## DATA SEGMENT:

+===+

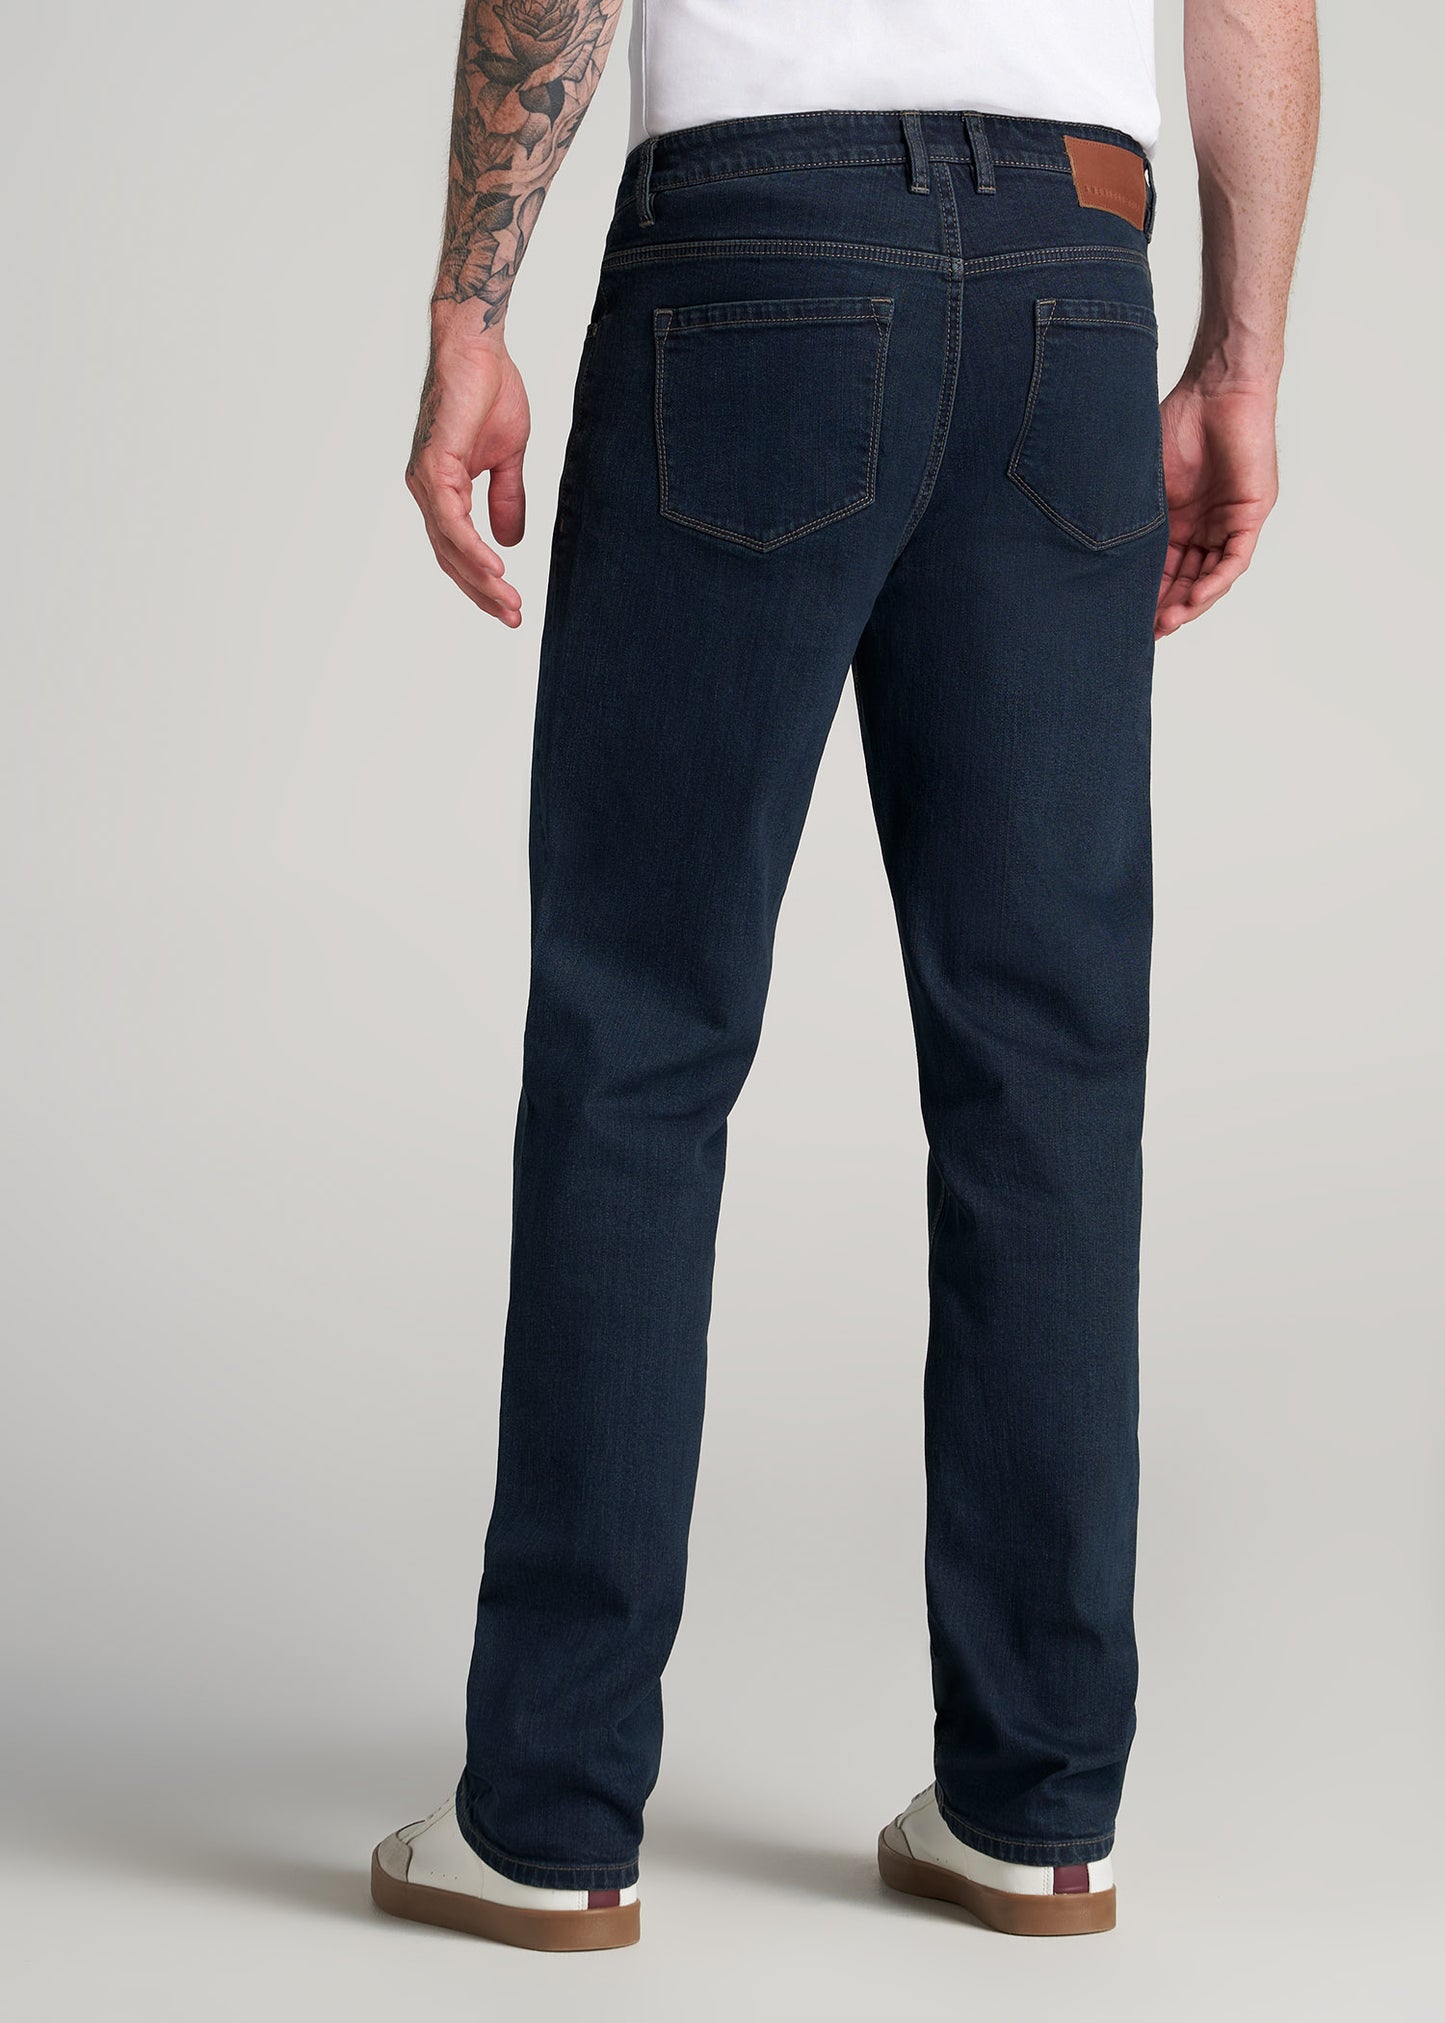     American-Tall-Men-J1-Jeans-Deep-Blue-Rinse-back
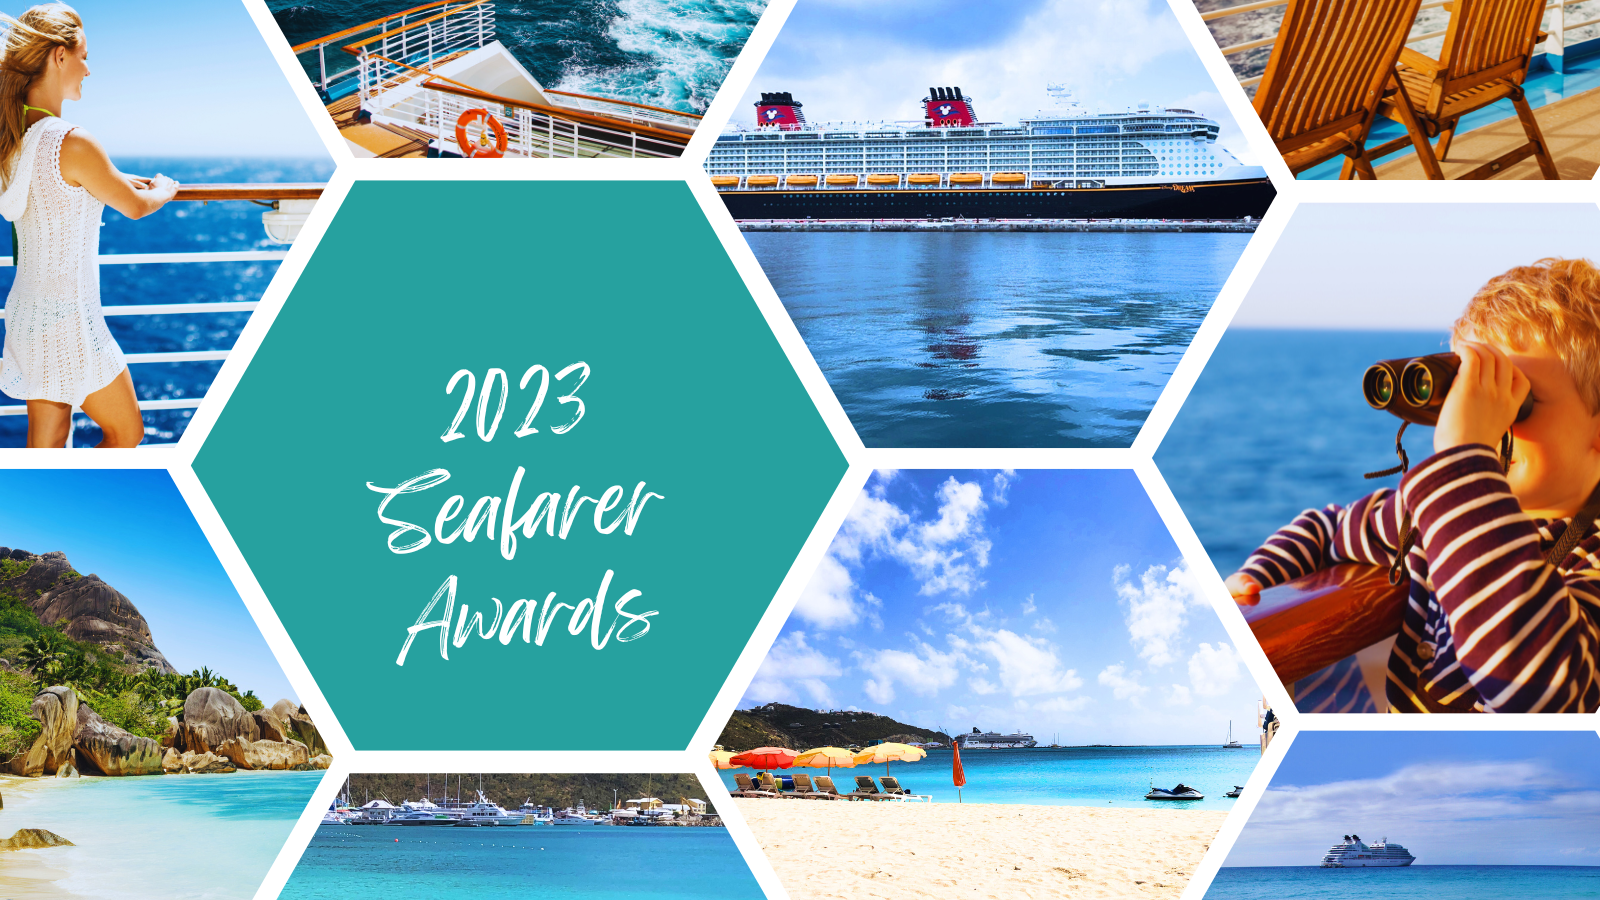 2023 Seafarer Awards - variety of cruising photos
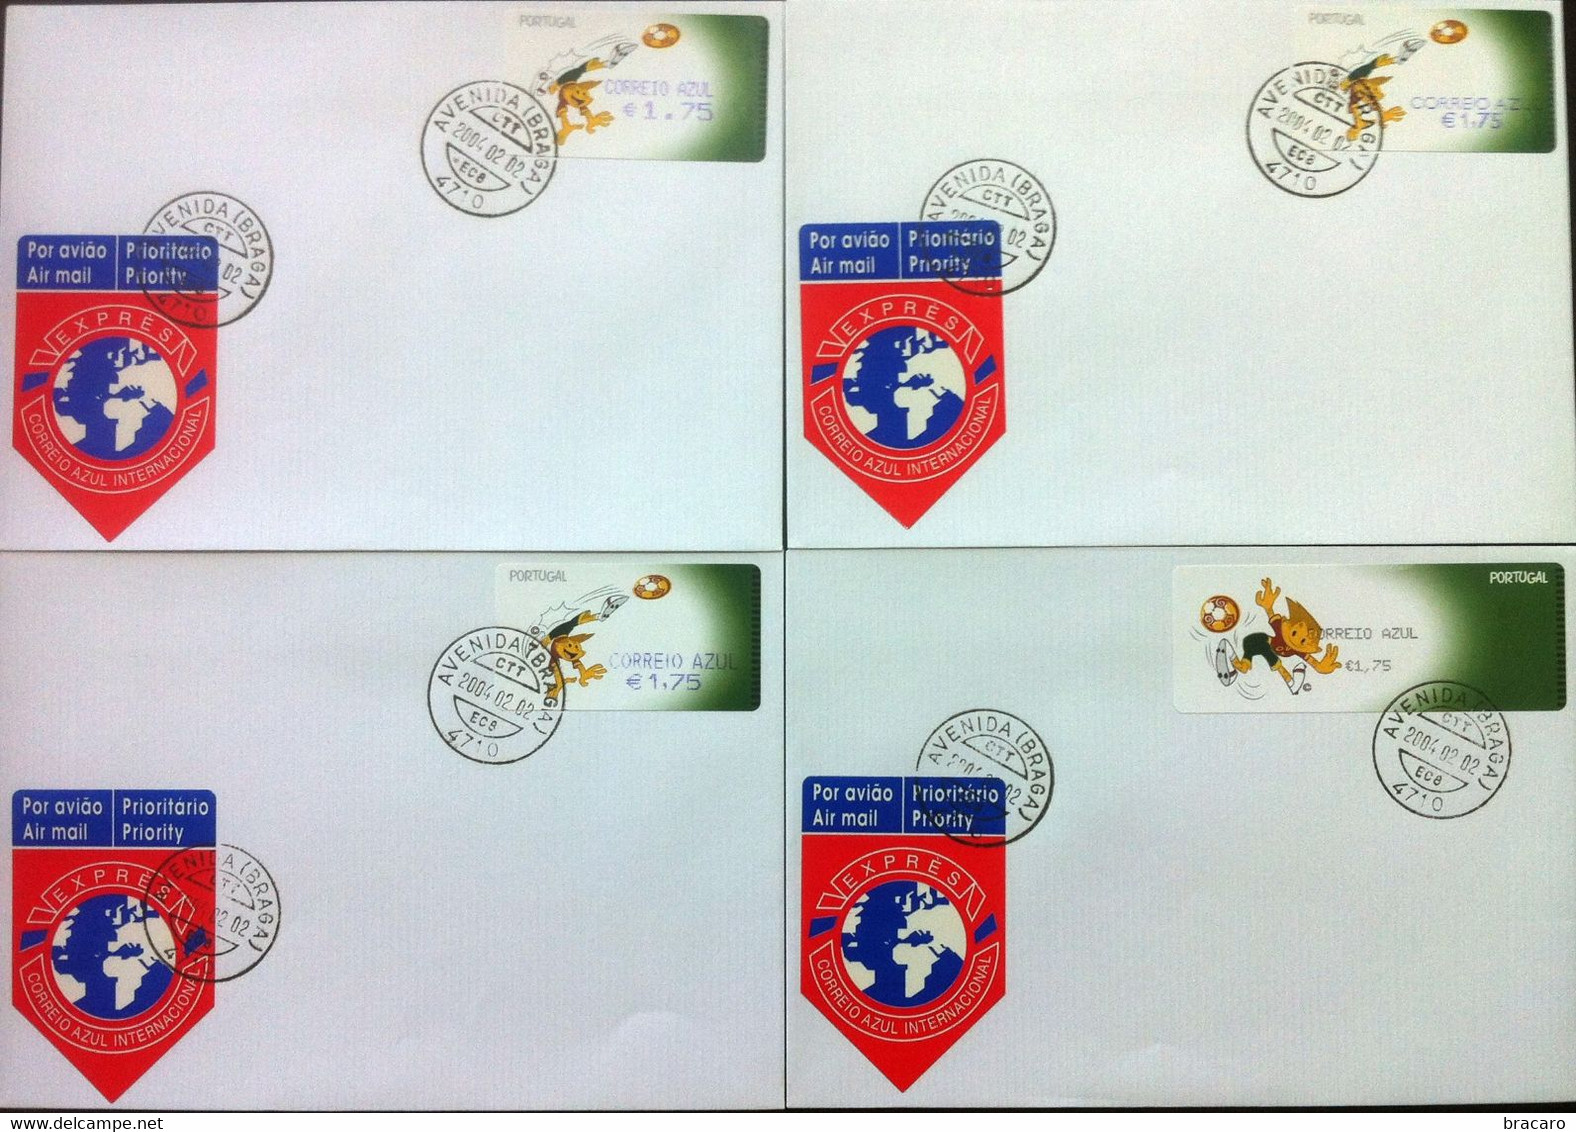 Portugal - ATM Machine Stamps - Cover X 8 - EURO'04 2004 (futebol / Football) - CORREIO AZUL, Cancel Braga - Machines à Affranchir (EMA)
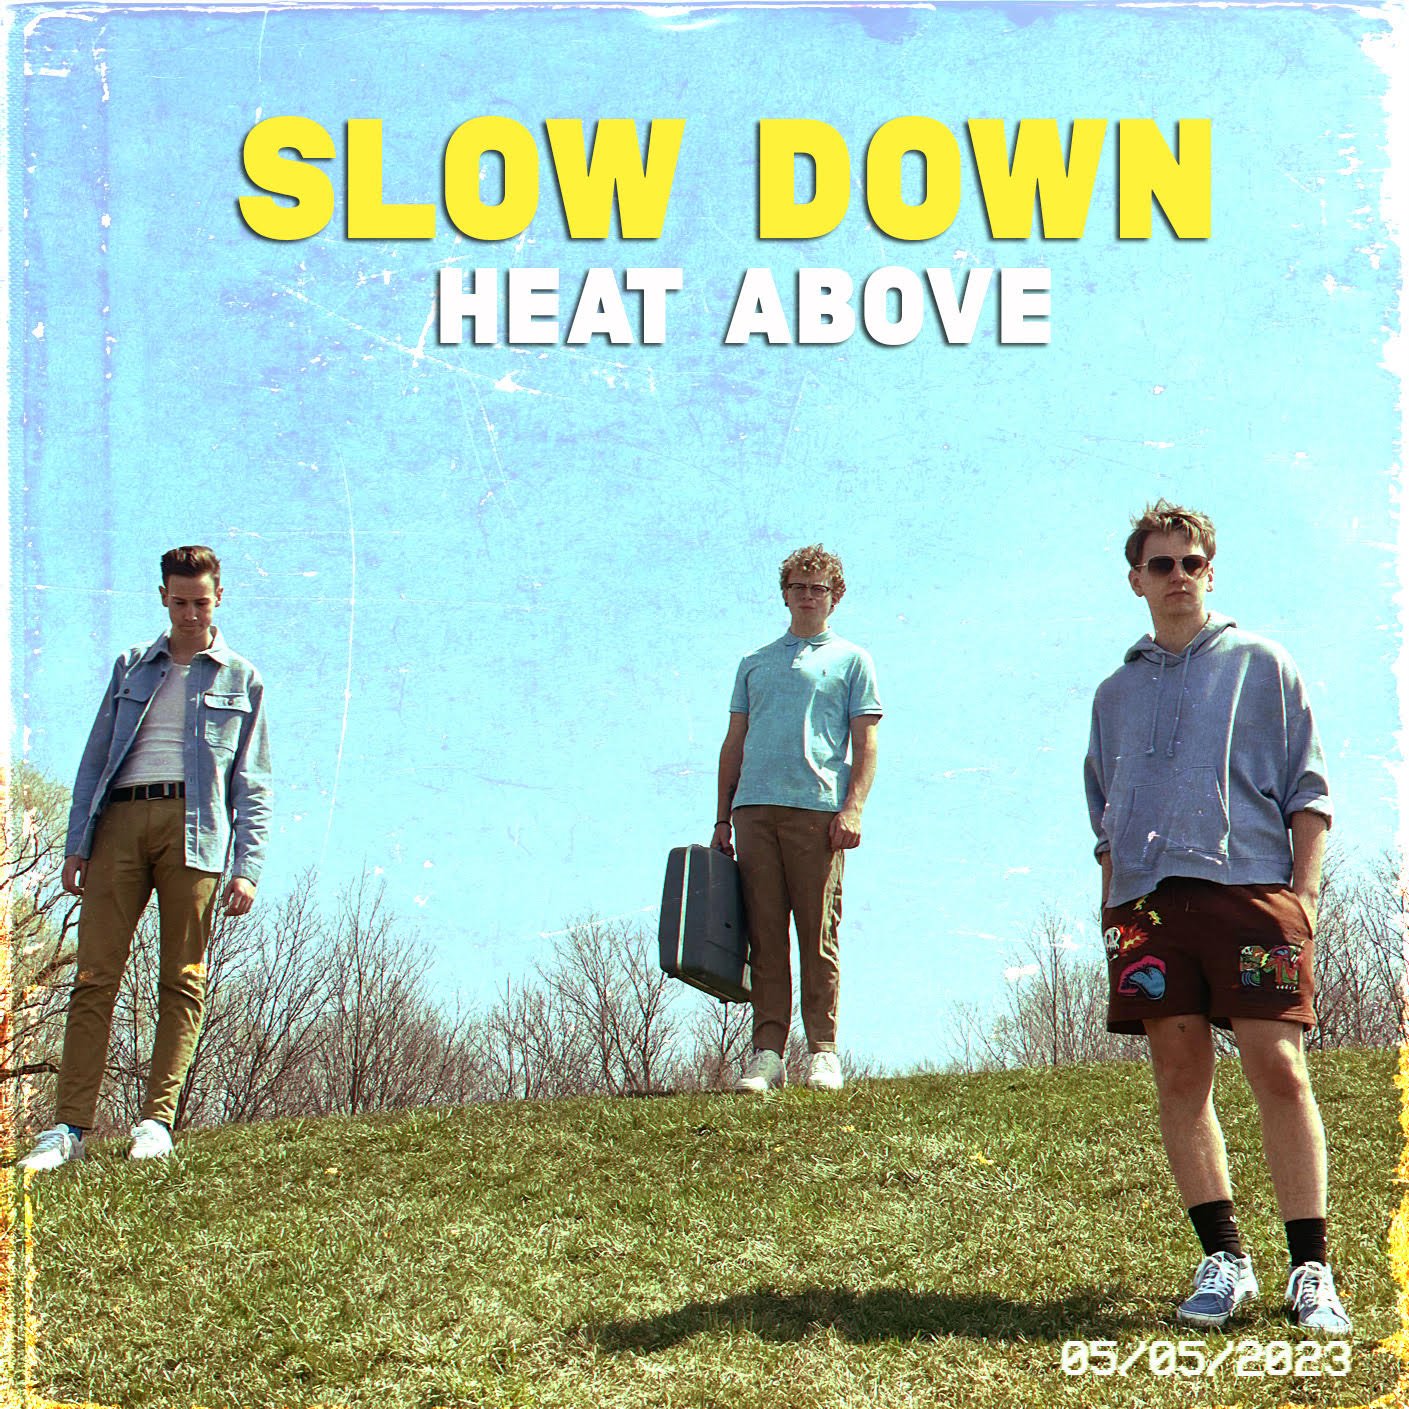 Slow Down - Single

+===+

## INSTRUCTIONS TO FOLLOW:
Print the data above exactly; drop every picture.

## EXERCISE RESULT:
     American-Tall-Men-J1-Jeans-Deep-Blue-Rinse-back
 2023 Seafarer Awards - variety of cruising photos
 Portugal - ATM Machine Stamps - Cover X 8 - EURO'04 2004 (futebol / Football) - CORREIO AZUL, Cancel Braga - Machines à Affranchir (EMA)
 Slow Down - Single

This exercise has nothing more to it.